(DIRECTIONS FOR THIS TASK): In the material below, print every line exactly and omit the pictures.

(DATASET SECTION):
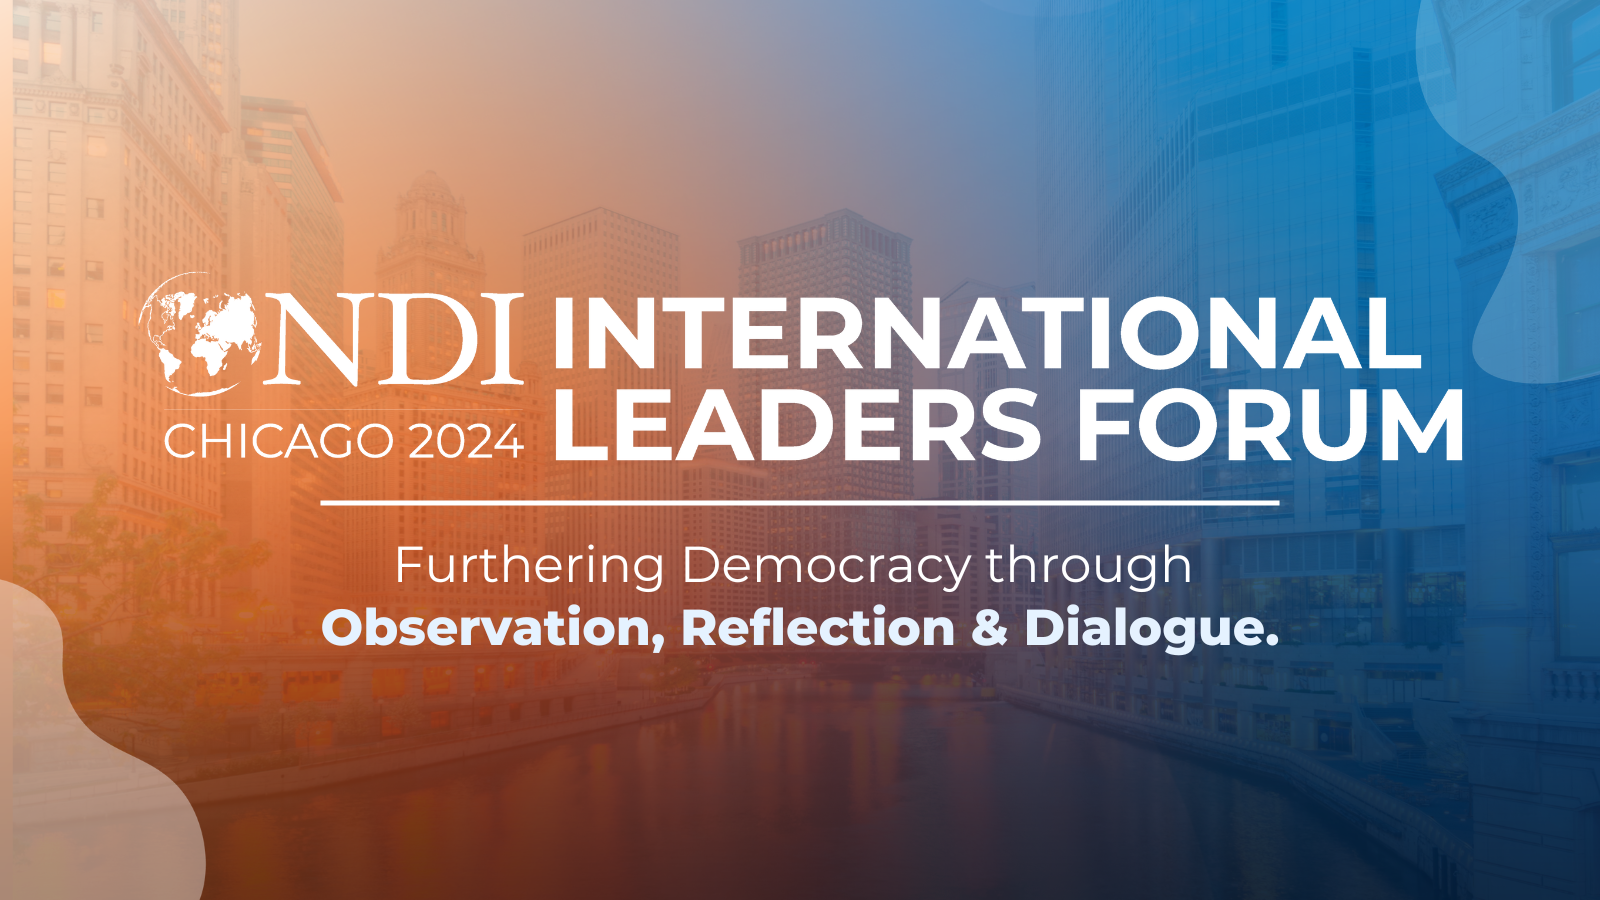 Global Democracy Leaders Gather at ILF2024
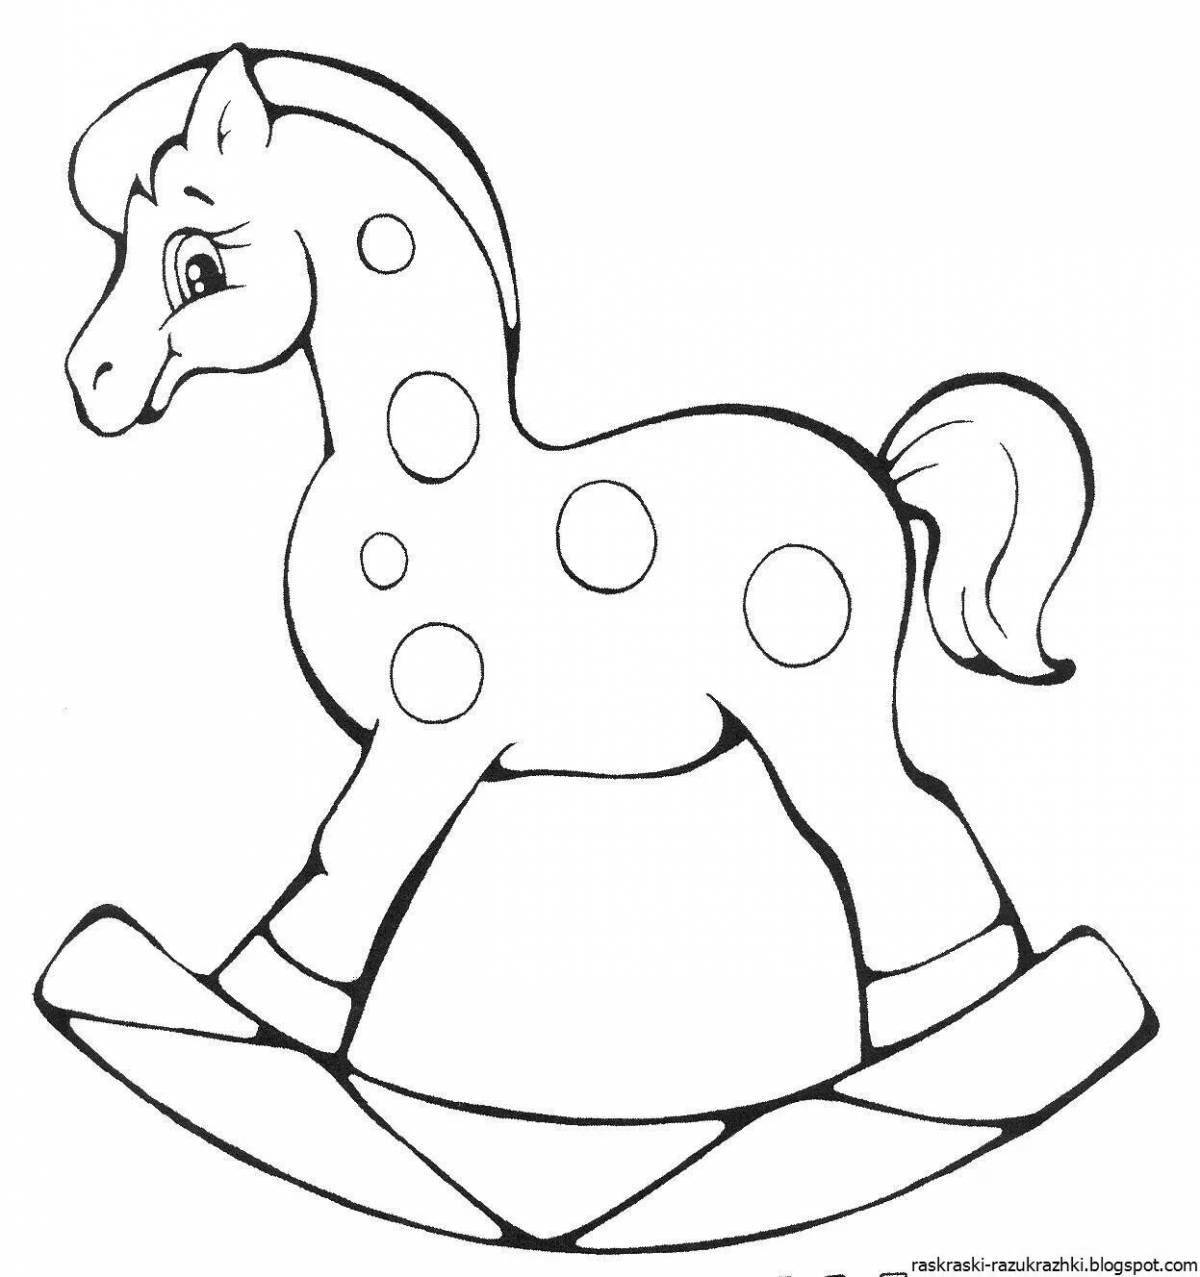 Fantastic horse coloring book for 2-3 year olds
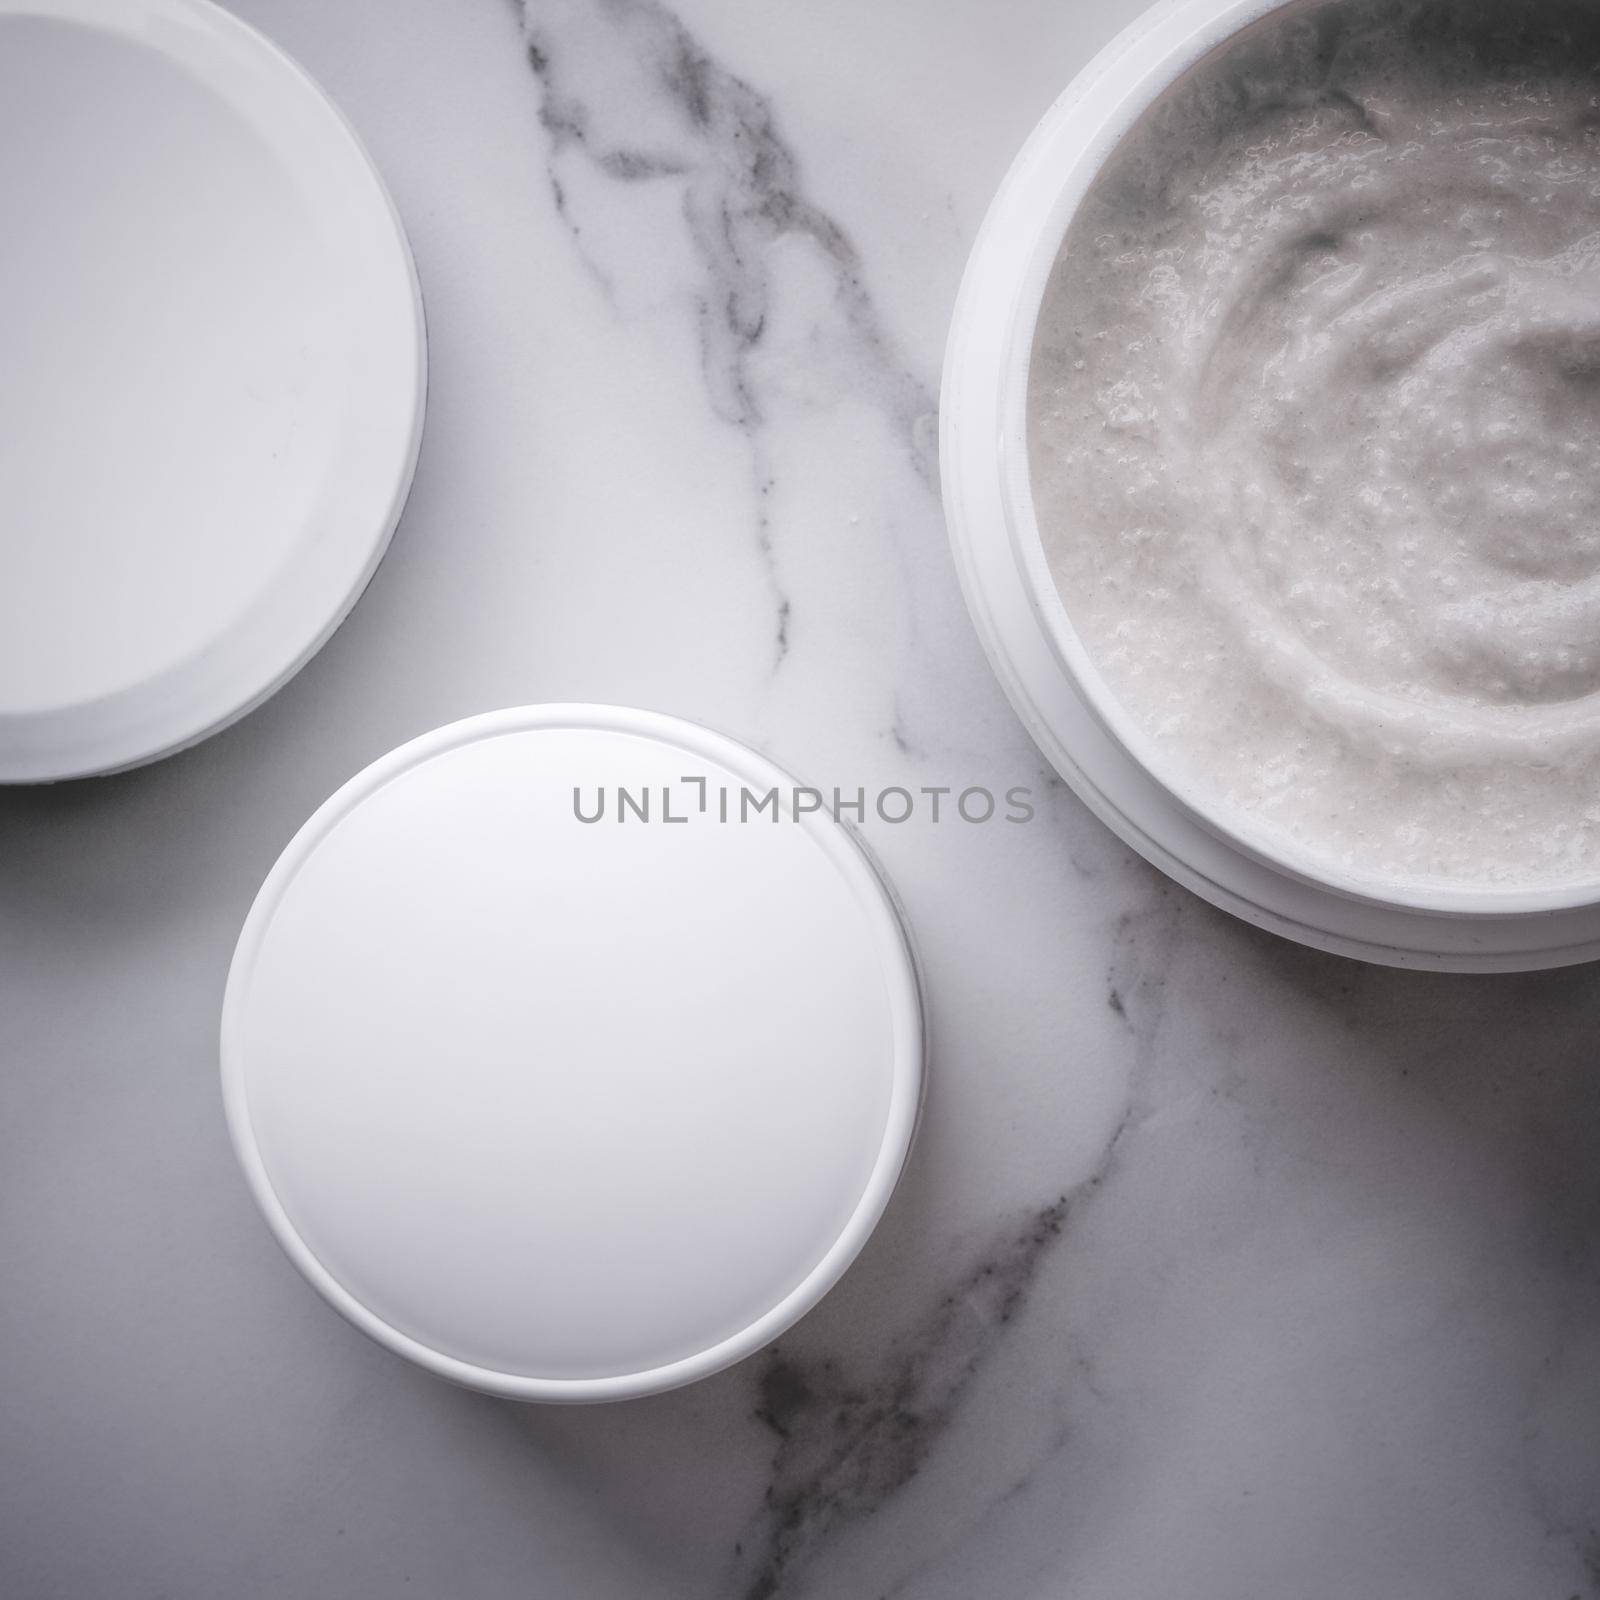 Skincare and body care, luxury spa and clean cosmetic concept. Health and beauty of your skin - Scrub and exfoliating cream products on a marble, flatlay
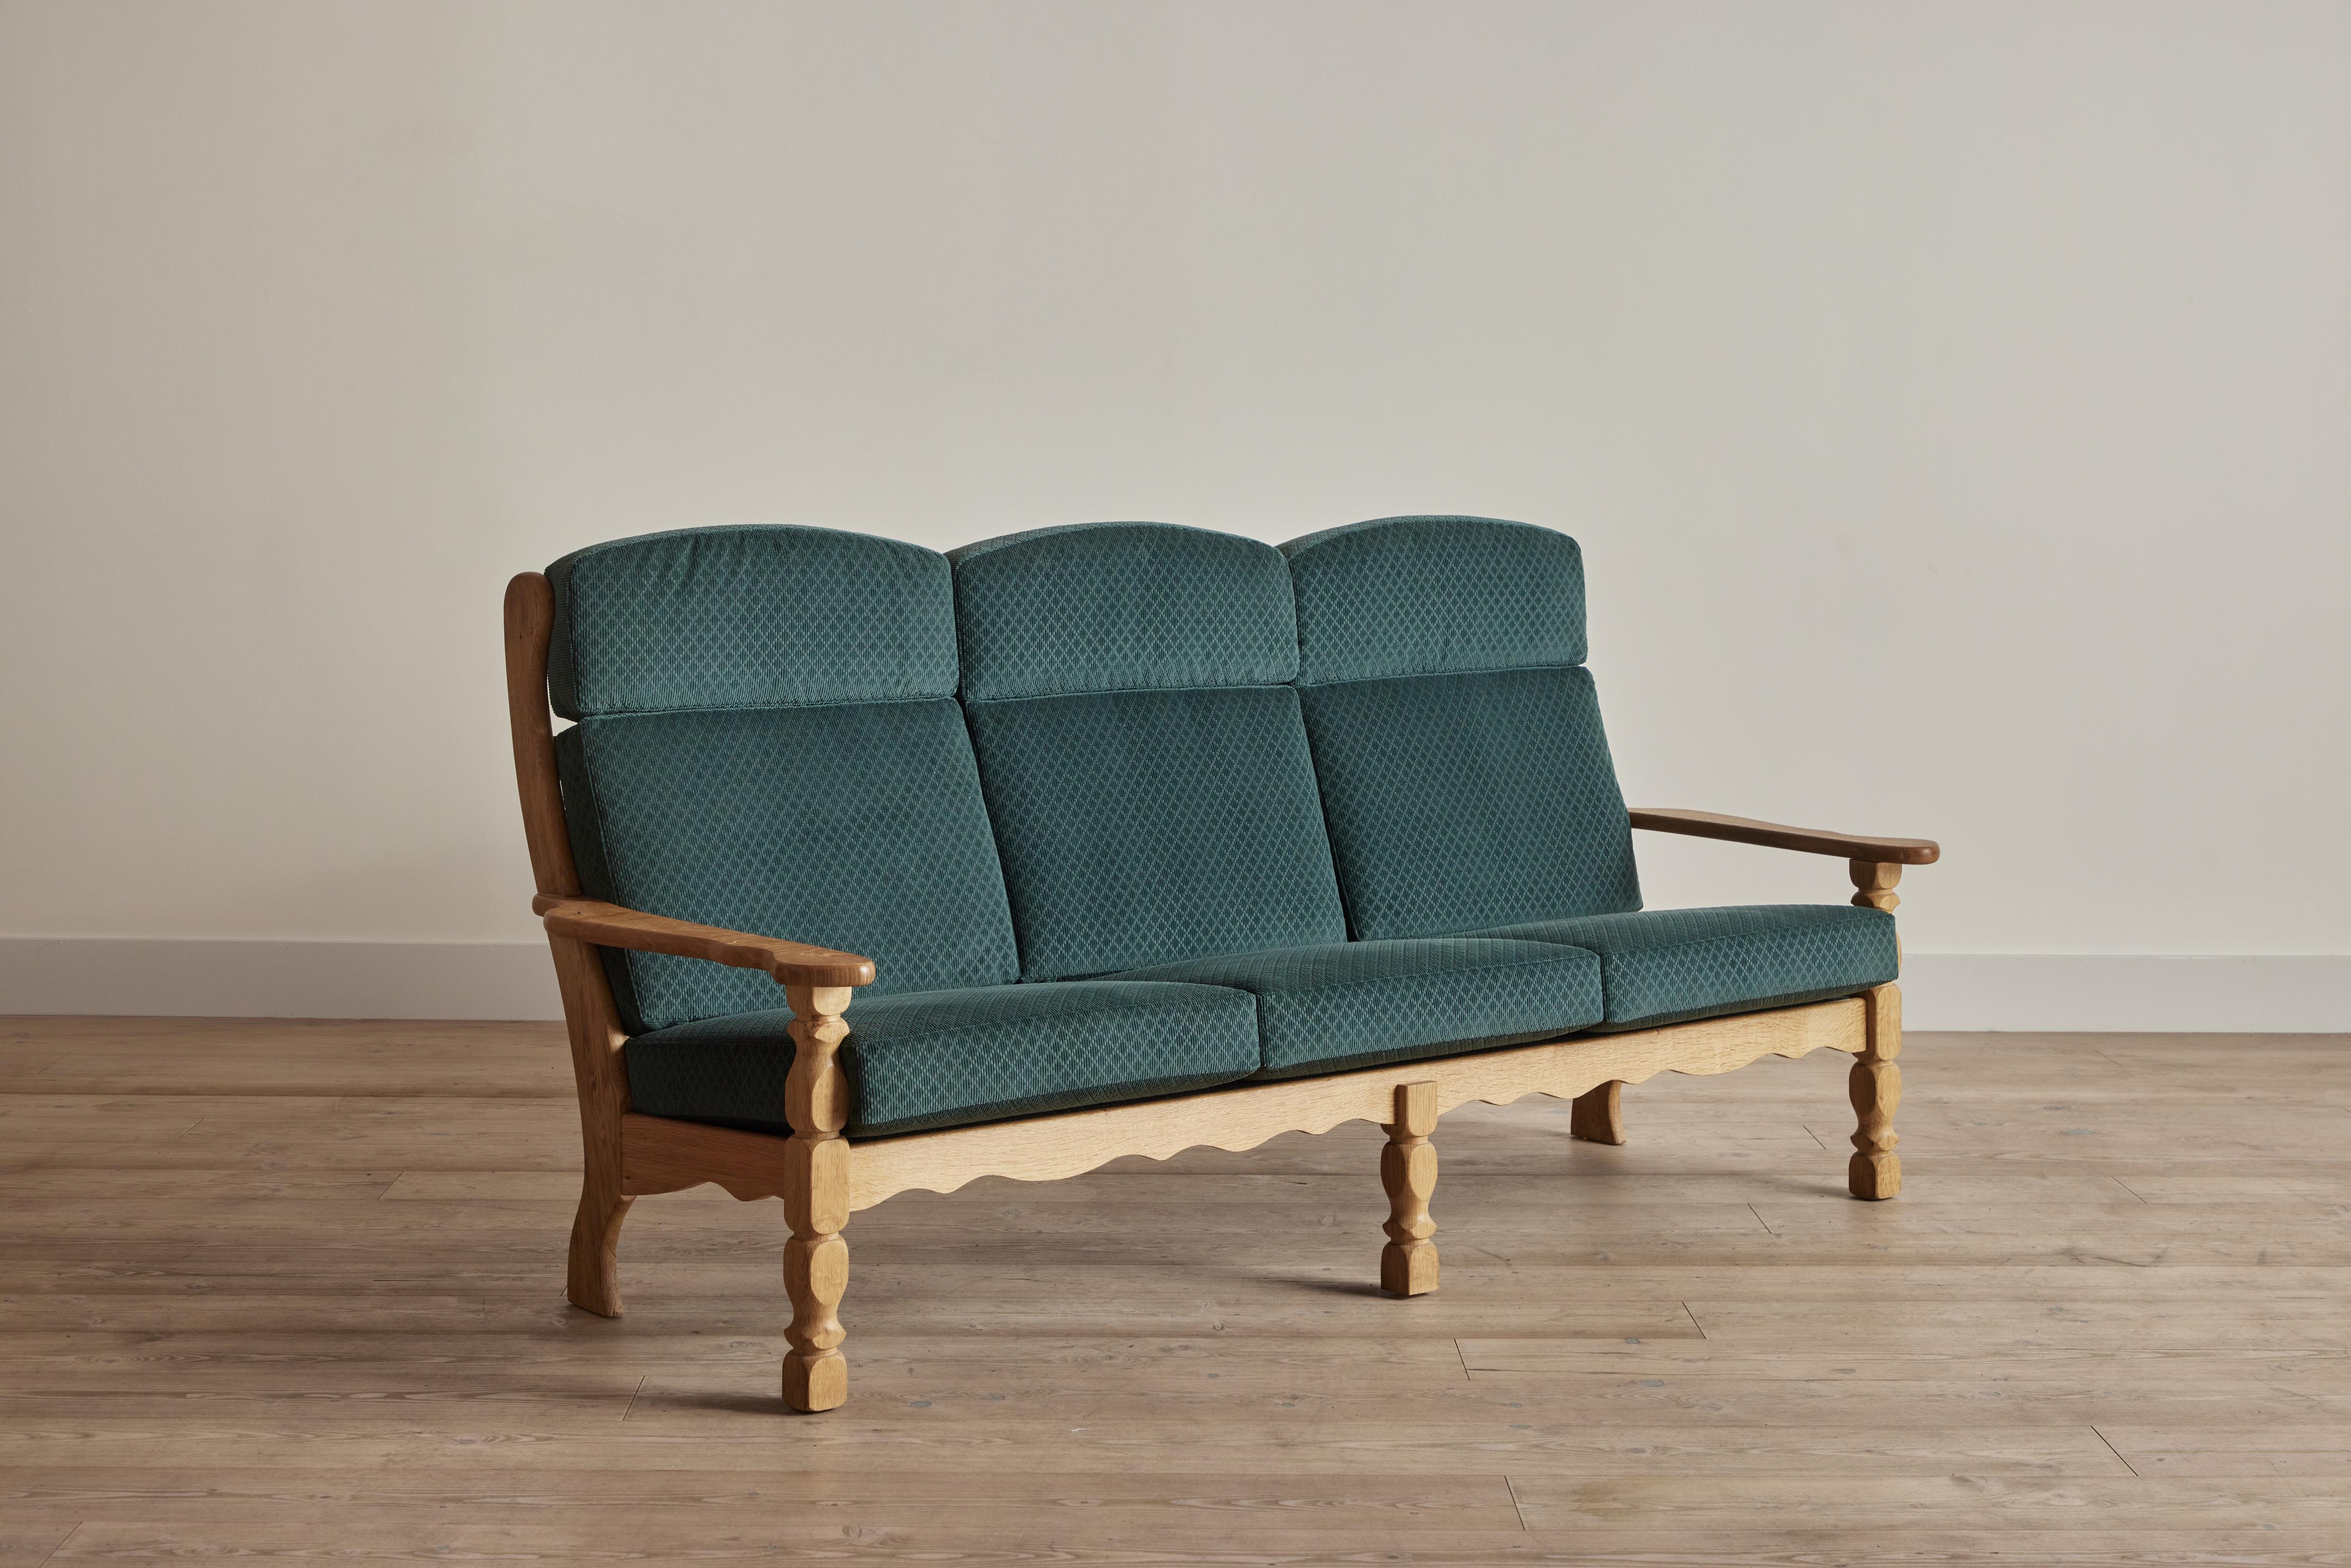 Carved oak wood sofa attributed to Danish designer Henning Kjaernulf. This 1960s sofa has been reupholstered in George Spencer's Clarence fabric in Twilight. Wood frame has been cleaned and waxed. Some wear on wood that is consistent with age and

(TASK RESULT):
 Global Democracy Leaders Gather at ILF2024
 Fantastic horse coloring book for 2-3 year olds
 Skincare and body care, luxury spa and clean cosmetic concept. Health and beauty of your skin - Scrub and exfoliating cream products on a marble, flatlay
 Carved oak wood sofa attributed to Danish designer Henning Kjaernulf. This 1960s sofa has been reupholstered in George Spencer's Clarence fabric in Twilight. Wood frame has been cleaned and waxed. Some wear on wood that is consistent with age and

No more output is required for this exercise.